Though I had started cremation plans with a funeral home in my mom’s city, I switched to use a funeral home near the public hospital in the other city. My husband and I stayed in a hotel for three nights while we made final arrangements. Not knowing if the funeral home would be supportive of medical assistance in dying, I did not mention it at first. When they showed me a proof of the memorial card, it had my mom’s birthday and the city she was born in. It also had the day she died and the city she died in. She had only been in that city for a few hours and I did not want to have to explain to everyone why it wasn’t the city where she lived in and where she spent most of her hospital stay. I asked the funeral director to remove both cities from the card. I explained about my mother’s medical assistance in dying decision and the funeral director said that occasionally it can cause some issues when you want a religious funeral service. My mother only wanted a cremation and for me to scatter her ashes in the city she was born in.
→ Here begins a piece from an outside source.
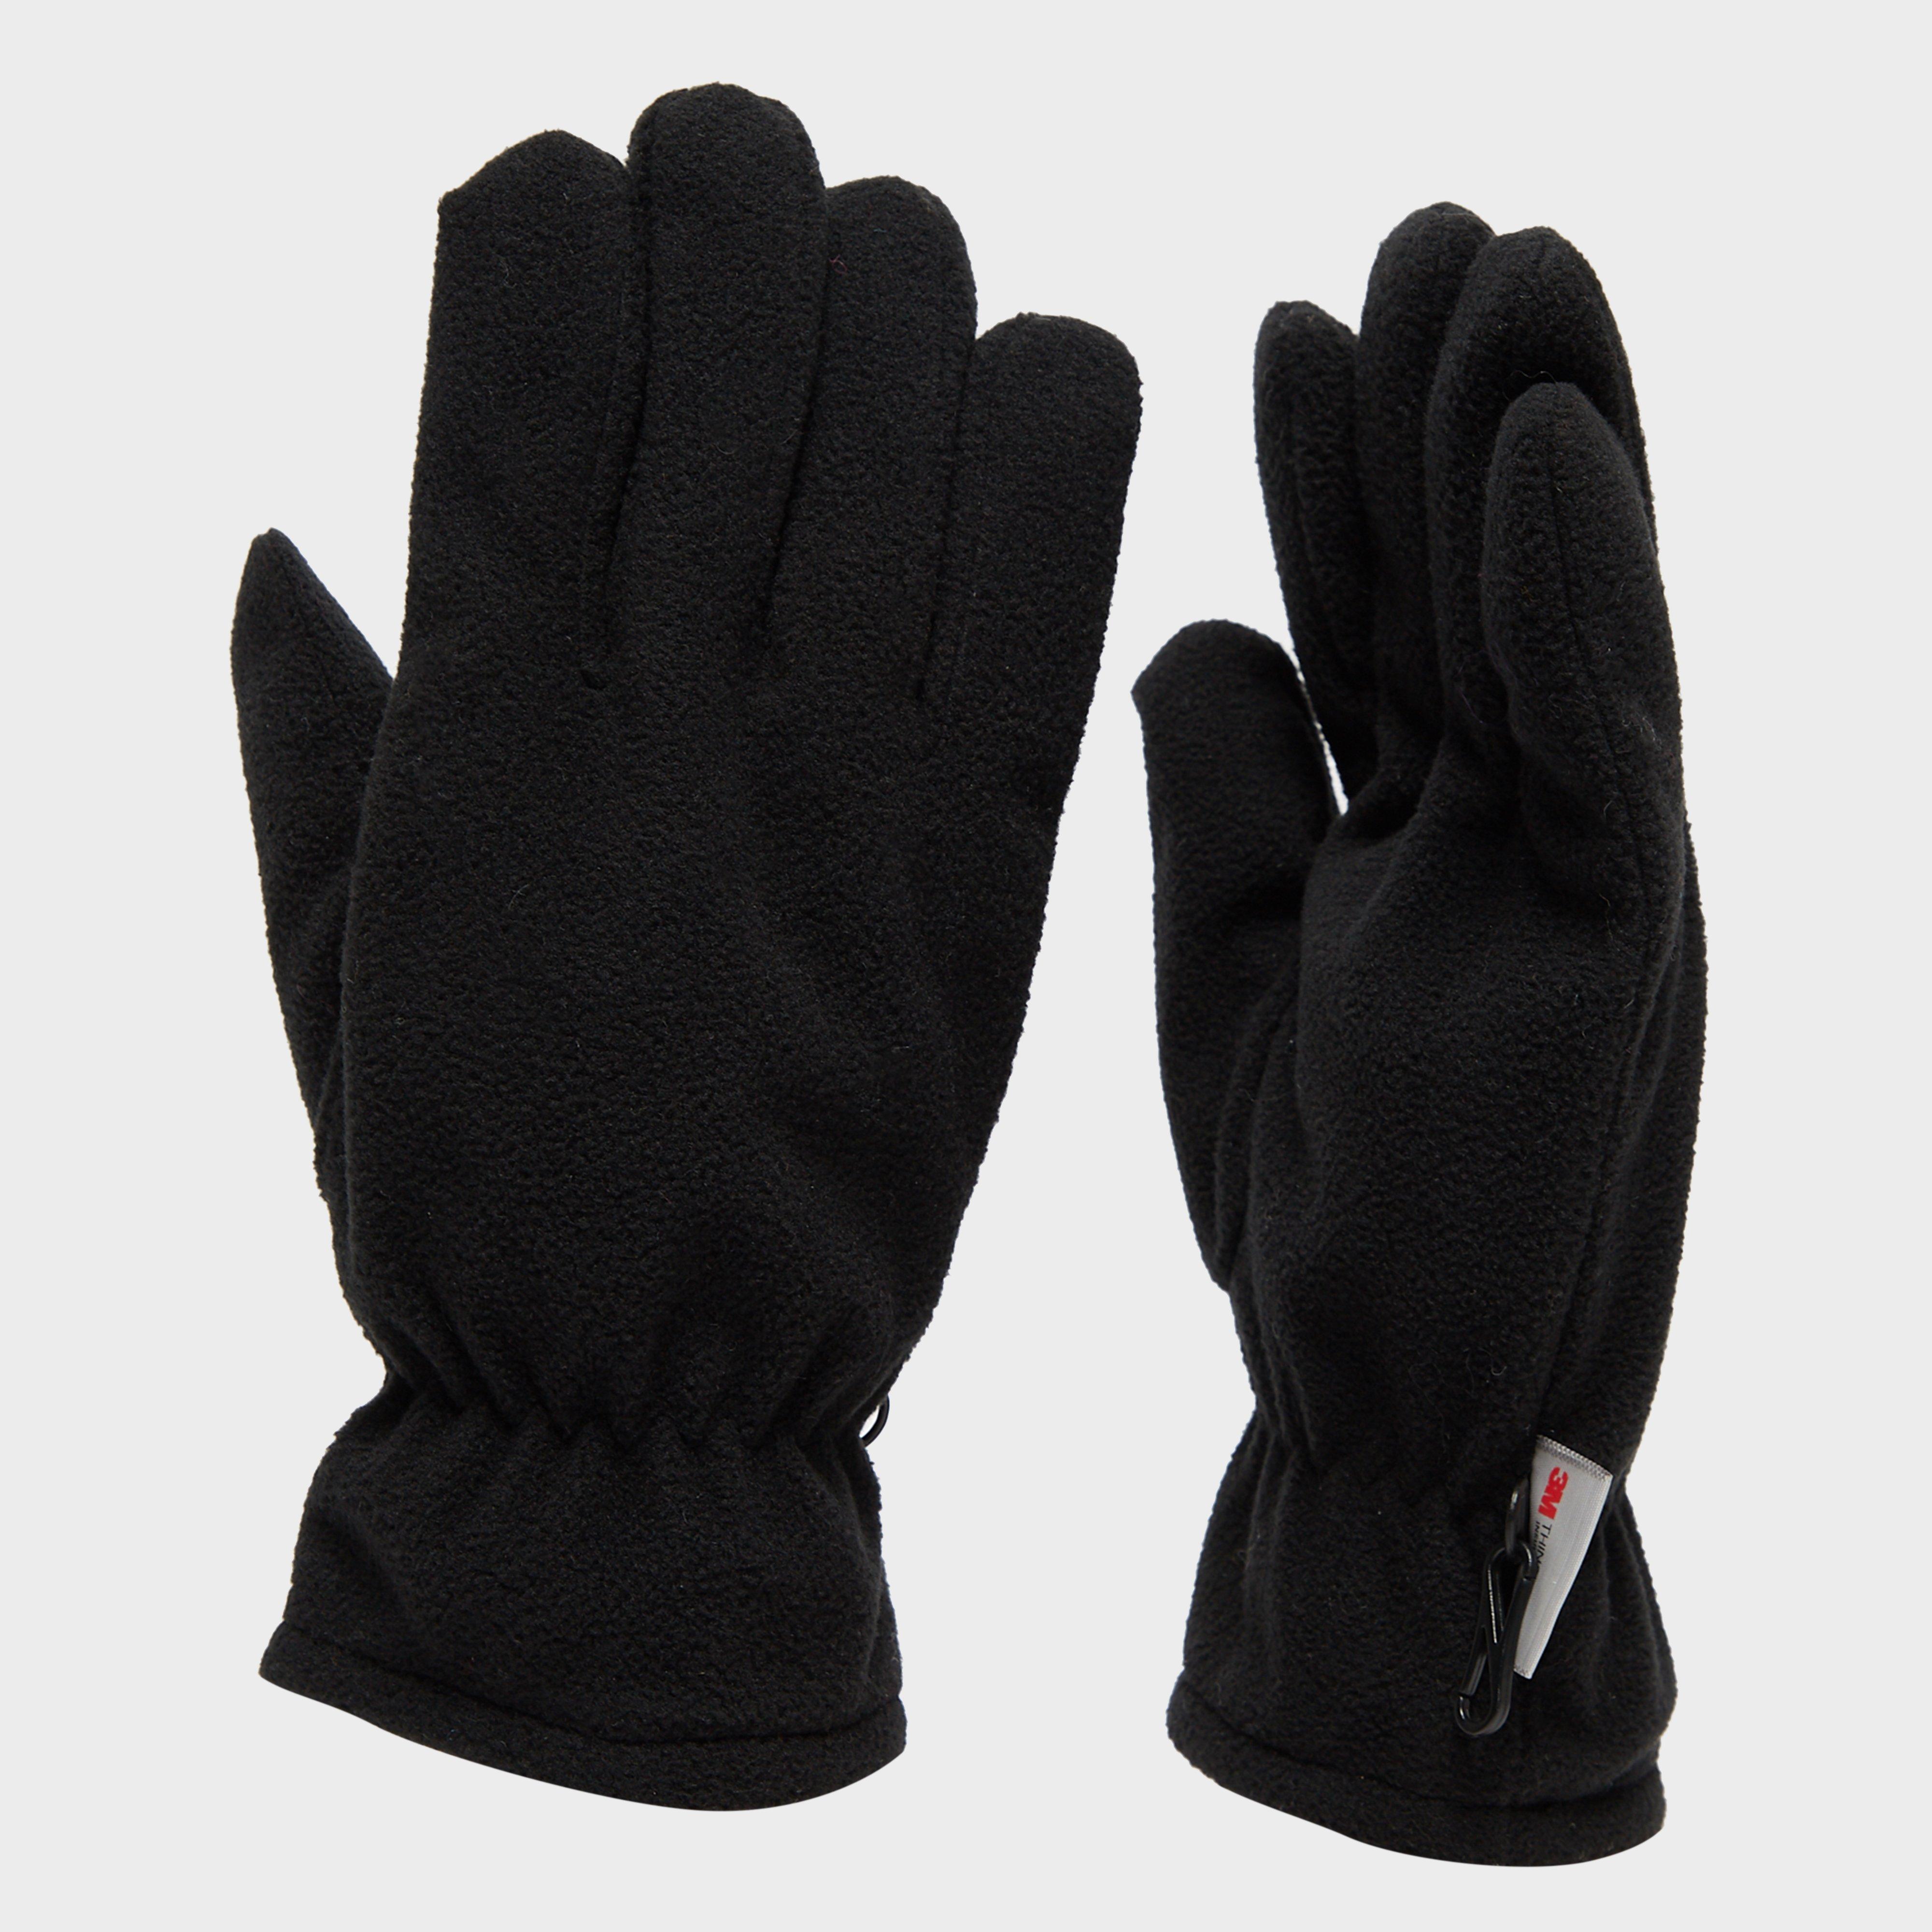 Peter Storm Mens Waterproof Thinsulate Gloves - Black/blk  Black/blk

I am Catholic. My mother is Catholic, and she appreciated the priest stopping by on Fridays to anoint her with oil while she was in the hospital. Everyone that I did confide in, regardless of religion, was personally supportive of medical assistance in dying. If I had gone home before winter hit like she told me to, my mother would have had to suffer to the very end. It is very difficult for a sick person to navigate the MAID paperwork, arrange witnesses, and hold medical video conferences without the support of the hospital staff and equipment. It is too easy for hospital staff to ignore a patient’s verbal request and not offer any direction. One possible solution would be to have the Catholic hospital staff direct such requests to a designated person who works in a nearby medical clinic. That support person could assist with the MAID process and the actual medical procedure could be done by a MAID visiting physician or nurse practitioner in the clinic after hours. This solution would have greatly assisted my mother and avoided a lot of undue stress.
Editor’s note: Dying With Dignity Canada believes the most practical and human-rights focused approach to end-of-life rights access would be for all publicly funded facilities to allow on-site requests, assessments, and procedures. There should also be a clear system in place to ensure that those in private religious facilities are being seen in a timely manner by MAID assessors, if they request it.